The value of IP rights depends on the owner’s ability to protect the assets and use them productively in business without competing claims or infringing acts of third parties.  The primary objective of the buyer or transferee is to ensure that it will be able to freely pursue the competitive advantages associated with the IP rights being acquired.

Cost-Benefit Analysis
The acquiring party needs to make a cost-benefit analysis to determine the extent of the examination.  In certain cases, due to time and cost constraints, the buyer may decide to limit detailed analysis to certain key issues such as the risk of trademark litigation or the review of procedures needed to independently develop a product which might be substantially similar to that of a third party.

Mergers
Mergers, acquisitions and alliances are essential growth constituents of technology and other companies.  Mergers and acquisitions (“M & A”) in technology industries have intensified in recent years.  The dollar volume of M & A transactions doubled between 1993 and 1994 and reached a total of nearly $60 billion in 1994.
During the past several years, a variety of companies in the pursuit of the next generation of technology products have initiated mergers.  Companies use acquisitions to expand their product base and technology.  Computer hardware companies frequently make acquisitions to obtain complementary products and to enter or expand into the software market.Alliances
           
Content and technology alliances are commonplace.  Such alliances often incorporate license arrangements through which one member may control the terms and conditions under which its IP rights may be exploited by its business partner.  A common example occurs when a copyright owner of a novel licenses the novel’s usage by a multimedia producer for the production of a CD-ROM.  Other examples occur when a patent holder of a new technology licenses the technology to a computer company which will create a new product utilizing the technology or when a video game company licenses its trademark to an alliance partner to use in connection with a new computer game.
           
Content based alliances involve intangible assets, including copyrights, trademarks and publicity rights.  These assets may be composed of a bundle of rights which must be understood and protected carefully by knowledgeable legal counsel. 
Creation of alliances to develop new software, computer networks or other technology are subject to uncertainties because current intellectual property laws are inadequate.  Traditional intellectual property concepts need modernization to permit protection for modern technology, including computer software and hardware.  During the creation of multimedia works in which a content user synthesizes works from a variety of content owners, the negotiation of licenses is quite complex.

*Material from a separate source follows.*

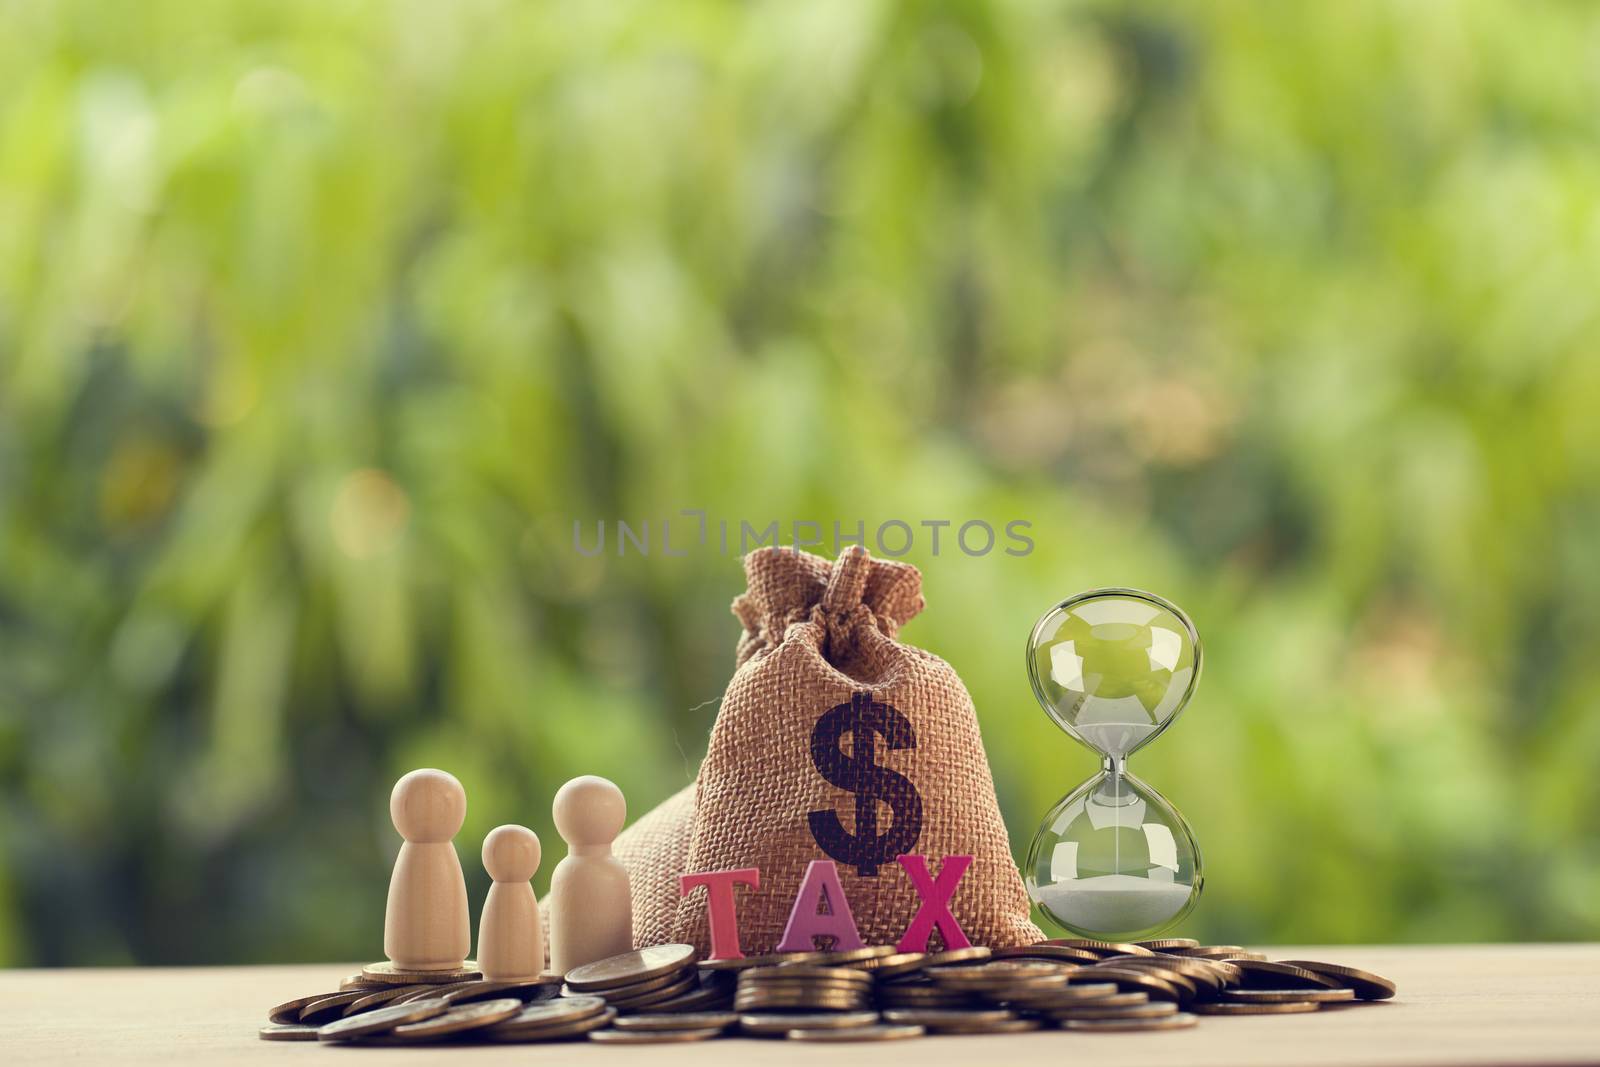 Family members, words tax, hourglass, US money bags on a pile of coins. Family tax benefit, property tax concept: depicts time and income management for future security
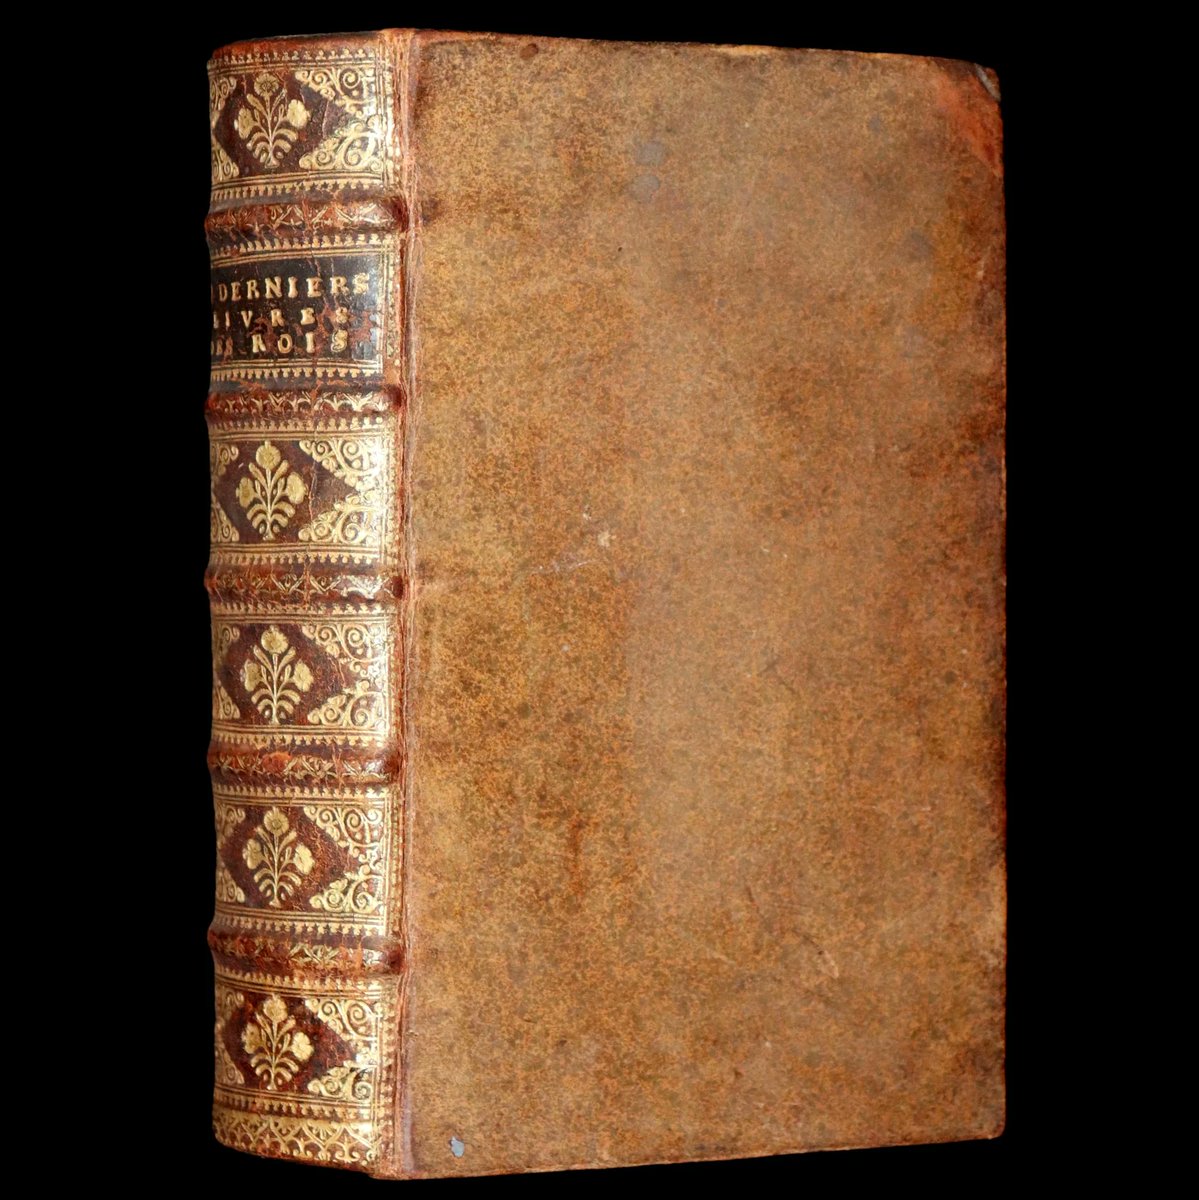 Discover the divine drama of kings and prophecies in this 1687 Latin-French Bible, featuring 'The Last Two Books of King.'mflibra.com/products/1687-… A timeless treasure that echoes the power and spirituality of biblical tales. #BookWithASoul #MFLIBRA #OwnAPieceOfHistory #RareBooks

Alliances may be based on the commercialization of new technologies.  Formation and implementation of these alliances presents complex legal issues.  Patents and trade secrets must be carefully protected.  Because new technology is often affected by industry standards, it is essential for technology alliances to understand the standards and to participate in the organizations setting such standards. 

Access to New Technology
The threshold question in a technology purchase involves determining whether the target company owns or has exclusive rights to the technology.  The buyer must trace the chain of title for each intellectual property component.  The identity of all inventors and developers of each product must be uncovered.  The selling business must disclose whether each inventor signed an employment contract which included a confidentiality obligation and invention assignment agreement.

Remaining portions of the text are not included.